- **Your objective**
Note how many lines in the entries below contain the string "Manual", and answer with that number and no other text.

- **Material to process**
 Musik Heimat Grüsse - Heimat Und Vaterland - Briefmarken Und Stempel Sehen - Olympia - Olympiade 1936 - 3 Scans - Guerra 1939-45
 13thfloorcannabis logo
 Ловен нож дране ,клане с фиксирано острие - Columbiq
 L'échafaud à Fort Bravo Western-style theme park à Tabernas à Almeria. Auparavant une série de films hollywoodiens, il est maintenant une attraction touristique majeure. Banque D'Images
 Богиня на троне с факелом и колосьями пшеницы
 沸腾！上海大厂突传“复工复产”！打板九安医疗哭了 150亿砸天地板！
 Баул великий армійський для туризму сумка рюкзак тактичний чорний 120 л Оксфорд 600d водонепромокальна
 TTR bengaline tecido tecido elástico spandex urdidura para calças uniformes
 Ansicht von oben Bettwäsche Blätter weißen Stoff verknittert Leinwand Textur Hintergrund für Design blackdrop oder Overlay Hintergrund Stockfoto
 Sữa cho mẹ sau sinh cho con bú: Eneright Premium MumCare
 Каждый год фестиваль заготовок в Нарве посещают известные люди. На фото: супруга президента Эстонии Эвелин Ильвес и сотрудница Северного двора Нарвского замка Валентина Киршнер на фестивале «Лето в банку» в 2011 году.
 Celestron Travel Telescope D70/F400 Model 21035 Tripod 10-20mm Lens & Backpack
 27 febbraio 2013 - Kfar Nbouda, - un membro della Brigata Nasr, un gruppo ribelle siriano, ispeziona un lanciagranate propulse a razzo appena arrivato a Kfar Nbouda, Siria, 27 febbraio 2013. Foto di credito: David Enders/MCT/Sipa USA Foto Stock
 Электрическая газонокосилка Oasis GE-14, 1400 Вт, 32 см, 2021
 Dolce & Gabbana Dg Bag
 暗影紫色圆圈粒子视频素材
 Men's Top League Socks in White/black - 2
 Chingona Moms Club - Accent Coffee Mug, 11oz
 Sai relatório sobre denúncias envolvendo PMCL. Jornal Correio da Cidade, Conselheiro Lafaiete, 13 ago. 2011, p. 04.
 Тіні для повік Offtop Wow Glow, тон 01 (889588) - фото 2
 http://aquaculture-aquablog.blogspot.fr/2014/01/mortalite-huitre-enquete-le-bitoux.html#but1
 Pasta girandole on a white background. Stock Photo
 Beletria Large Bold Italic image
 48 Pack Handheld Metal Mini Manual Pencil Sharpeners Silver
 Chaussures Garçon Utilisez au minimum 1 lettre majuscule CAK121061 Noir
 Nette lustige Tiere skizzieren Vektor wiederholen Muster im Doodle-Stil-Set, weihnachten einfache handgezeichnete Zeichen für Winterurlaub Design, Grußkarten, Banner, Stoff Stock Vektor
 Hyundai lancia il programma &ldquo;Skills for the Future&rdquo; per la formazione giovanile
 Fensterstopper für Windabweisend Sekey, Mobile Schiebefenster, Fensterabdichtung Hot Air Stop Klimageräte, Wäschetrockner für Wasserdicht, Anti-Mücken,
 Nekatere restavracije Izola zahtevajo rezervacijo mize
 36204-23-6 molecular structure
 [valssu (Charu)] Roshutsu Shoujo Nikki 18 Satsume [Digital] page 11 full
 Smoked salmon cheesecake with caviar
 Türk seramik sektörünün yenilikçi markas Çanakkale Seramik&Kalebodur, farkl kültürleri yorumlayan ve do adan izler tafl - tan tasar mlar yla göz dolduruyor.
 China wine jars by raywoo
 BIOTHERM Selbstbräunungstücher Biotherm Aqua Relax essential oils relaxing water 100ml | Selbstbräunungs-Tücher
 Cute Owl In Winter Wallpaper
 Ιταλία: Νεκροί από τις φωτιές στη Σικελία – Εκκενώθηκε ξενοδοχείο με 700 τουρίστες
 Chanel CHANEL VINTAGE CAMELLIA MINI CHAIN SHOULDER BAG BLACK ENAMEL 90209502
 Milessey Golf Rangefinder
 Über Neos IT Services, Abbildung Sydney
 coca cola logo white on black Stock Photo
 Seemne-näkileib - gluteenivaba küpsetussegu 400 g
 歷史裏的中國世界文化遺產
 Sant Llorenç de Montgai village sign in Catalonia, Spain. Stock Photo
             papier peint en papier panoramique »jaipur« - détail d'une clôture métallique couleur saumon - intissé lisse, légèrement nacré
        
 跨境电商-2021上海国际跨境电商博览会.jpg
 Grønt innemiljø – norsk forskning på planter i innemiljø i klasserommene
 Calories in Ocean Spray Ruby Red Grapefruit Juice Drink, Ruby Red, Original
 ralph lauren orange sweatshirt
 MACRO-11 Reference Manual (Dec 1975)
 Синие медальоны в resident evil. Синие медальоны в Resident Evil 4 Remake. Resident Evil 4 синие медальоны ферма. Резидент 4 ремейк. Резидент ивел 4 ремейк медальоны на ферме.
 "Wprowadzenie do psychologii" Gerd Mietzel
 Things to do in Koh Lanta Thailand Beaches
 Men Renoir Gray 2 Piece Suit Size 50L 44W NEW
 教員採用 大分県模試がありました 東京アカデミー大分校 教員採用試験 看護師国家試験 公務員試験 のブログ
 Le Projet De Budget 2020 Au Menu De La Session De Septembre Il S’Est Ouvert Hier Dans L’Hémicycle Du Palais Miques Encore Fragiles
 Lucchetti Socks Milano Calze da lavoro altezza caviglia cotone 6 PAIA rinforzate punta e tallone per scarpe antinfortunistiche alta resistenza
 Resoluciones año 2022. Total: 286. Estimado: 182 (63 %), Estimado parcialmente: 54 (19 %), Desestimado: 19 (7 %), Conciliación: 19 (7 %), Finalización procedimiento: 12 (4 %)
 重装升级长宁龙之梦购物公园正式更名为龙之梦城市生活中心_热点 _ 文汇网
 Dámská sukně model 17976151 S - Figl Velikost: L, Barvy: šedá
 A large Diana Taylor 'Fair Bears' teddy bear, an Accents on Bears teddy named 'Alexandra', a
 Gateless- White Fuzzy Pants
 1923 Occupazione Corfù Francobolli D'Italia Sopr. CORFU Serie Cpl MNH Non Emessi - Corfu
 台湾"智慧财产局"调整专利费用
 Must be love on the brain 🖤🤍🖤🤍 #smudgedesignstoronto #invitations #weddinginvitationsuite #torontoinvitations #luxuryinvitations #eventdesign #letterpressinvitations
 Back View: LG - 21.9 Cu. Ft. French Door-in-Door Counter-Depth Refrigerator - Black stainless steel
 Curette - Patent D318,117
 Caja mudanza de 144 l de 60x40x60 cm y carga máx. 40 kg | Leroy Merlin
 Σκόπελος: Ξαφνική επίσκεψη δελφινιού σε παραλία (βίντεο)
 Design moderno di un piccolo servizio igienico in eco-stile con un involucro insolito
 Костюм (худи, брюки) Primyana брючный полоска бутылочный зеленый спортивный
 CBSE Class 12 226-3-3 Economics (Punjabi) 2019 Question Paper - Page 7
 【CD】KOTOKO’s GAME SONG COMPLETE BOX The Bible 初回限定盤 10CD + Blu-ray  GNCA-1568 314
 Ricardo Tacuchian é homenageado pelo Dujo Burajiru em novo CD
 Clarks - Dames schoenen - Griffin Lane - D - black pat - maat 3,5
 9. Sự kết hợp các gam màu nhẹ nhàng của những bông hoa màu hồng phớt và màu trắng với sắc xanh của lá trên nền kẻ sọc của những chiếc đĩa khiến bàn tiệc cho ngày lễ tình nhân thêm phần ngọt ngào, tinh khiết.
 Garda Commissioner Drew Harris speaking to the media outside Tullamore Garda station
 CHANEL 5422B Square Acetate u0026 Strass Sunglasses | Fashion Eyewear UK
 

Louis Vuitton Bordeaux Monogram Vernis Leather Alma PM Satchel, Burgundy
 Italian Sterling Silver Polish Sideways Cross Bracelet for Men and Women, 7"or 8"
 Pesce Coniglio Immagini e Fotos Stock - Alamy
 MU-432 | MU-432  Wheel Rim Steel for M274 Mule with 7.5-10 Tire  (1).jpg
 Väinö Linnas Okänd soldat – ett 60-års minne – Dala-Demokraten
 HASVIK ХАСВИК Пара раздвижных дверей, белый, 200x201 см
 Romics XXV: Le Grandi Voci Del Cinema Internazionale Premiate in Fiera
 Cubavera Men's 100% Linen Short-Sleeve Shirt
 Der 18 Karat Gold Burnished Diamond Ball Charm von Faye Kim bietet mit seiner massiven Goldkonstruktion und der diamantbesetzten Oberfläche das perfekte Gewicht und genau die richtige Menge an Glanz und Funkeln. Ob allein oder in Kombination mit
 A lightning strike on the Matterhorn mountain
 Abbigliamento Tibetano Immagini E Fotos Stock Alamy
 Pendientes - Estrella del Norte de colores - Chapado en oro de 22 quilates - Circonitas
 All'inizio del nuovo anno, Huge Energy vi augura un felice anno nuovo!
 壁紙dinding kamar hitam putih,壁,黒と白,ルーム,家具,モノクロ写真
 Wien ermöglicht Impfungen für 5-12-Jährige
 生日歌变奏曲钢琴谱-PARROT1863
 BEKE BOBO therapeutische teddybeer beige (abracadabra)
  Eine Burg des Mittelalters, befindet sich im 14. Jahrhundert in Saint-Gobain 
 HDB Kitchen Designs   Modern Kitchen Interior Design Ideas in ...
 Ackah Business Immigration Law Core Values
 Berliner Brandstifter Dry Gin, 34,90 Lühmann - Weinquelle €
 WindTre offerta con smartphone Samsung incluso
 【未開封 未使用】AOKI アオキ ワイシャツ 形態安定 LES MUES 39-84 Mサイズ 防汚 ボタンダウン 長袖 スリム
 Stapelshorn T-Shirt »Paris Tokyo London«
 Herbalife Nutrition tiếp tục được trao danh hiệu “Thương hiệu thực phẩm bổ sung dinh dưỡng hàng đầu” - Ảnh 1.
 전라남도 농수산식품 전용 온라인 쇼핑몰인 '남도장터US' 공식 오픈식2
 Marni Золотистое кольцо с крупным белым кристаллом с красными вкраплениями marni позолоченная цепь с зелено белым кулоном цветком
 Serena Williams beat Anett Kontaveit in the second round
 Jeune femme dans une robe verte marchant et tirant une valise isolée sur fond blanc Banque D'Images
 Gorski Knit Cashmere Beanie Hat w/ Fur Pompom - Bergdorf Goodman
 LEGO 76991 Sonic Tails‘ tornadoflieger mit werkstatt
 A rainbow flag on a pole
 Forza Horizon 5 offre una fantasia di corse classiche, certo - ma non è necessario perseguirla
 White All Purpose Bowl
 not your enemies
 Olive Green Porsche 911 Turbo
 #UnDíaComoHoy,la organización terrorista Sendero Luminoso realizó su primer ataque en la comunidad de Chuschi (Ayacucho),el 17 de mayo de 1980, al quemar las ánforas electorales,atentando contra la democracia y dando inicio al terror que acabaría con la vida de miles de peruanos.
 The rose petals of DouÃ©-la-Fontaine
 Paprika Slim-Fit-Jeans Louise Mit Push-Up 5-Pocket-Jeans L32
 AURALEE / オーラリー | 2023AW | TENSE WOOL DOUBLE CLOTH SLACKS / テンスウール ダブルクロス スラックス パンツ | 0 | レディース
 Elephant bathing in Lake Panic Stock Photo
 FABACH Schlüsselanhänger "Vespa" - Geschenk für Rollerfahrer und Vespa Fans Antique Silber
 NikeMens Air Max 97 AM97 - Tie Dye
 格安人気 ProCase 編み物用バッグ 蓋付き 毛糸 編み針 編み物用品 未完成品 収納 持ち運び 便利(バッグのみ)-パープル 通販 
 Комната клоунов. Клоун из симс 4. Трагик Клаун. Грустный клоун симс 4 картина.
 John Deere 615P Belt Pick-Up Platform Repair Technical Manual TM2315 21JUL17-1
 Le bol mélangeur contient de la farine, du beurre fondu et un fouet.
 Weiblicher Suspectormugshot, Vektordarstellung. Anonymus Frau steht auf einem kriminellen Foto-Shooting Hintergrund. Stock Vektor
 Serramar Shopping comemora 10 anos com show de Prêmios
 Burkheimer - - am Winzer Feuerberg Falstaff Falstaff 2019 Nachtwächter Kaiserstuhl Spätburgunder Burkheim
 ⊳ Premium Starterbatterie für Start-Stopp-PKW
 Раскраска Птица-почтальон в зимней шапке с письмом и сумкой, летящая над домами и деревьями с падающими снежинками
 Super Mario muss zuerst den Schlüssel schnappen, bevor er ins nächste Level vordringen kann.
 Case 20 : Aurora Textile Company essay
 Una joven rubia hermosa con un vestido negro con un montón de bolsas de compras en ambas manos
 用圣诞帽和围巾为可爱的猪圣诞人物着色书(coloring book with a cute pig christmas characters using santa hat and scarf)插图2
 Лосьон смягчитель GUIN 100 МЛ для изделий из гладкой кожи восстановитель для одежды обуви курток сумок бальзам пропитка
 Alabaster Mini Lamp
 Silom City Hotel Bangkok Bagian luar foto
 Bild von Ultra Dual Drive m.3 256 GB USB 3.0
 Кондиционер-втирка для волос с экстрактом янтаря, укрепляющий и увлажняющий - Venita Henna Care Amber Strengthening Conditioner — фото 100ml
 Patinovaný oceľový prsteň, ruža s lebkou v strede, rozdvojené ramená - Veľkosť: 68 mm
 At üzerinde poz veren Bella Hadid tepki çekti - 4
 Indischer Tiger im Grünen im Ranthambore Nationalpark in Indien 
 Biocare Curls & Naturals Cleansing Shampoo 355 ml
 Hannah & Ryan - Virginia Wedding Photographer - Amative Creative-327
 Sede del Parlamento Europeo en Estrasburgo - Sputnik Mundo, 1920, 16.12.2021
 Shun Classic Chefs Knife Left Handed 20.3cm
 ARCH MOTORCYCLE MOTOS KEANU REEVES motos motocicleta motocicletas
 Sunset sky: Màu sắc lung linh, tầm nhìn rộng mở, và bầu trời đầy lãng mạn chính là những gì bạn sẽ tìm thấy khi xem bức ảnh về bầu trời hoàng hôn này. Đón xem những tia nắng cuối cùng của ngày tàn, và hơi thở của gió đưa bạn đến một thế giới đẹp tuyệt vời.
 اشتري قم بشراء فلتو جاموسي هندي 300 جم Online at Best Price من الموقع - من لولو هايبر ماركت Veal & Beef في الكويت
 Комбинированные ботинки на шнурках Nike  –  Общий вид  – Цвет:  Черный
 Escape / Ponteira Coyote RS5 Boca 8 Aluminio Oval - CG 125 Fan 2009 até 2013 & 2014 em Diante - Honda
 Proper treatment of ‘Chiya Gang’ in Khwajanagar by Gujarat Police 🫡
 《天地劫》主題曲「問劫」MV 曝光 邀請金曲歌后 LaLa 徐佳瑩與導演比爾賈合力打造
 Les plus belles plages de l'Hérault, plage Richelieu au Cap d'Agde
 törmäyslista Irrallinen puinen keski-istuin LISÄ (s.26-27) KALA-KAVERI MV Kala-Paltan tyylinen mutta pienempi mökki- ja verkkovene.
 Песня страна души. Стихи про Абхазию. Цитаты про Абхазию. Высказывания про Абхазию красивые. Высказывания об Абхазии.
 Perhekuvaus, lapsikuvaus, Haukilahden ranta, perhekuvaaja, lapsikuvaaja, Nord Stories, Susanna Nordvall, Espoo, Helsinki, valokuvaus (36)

- **Result of the task**
3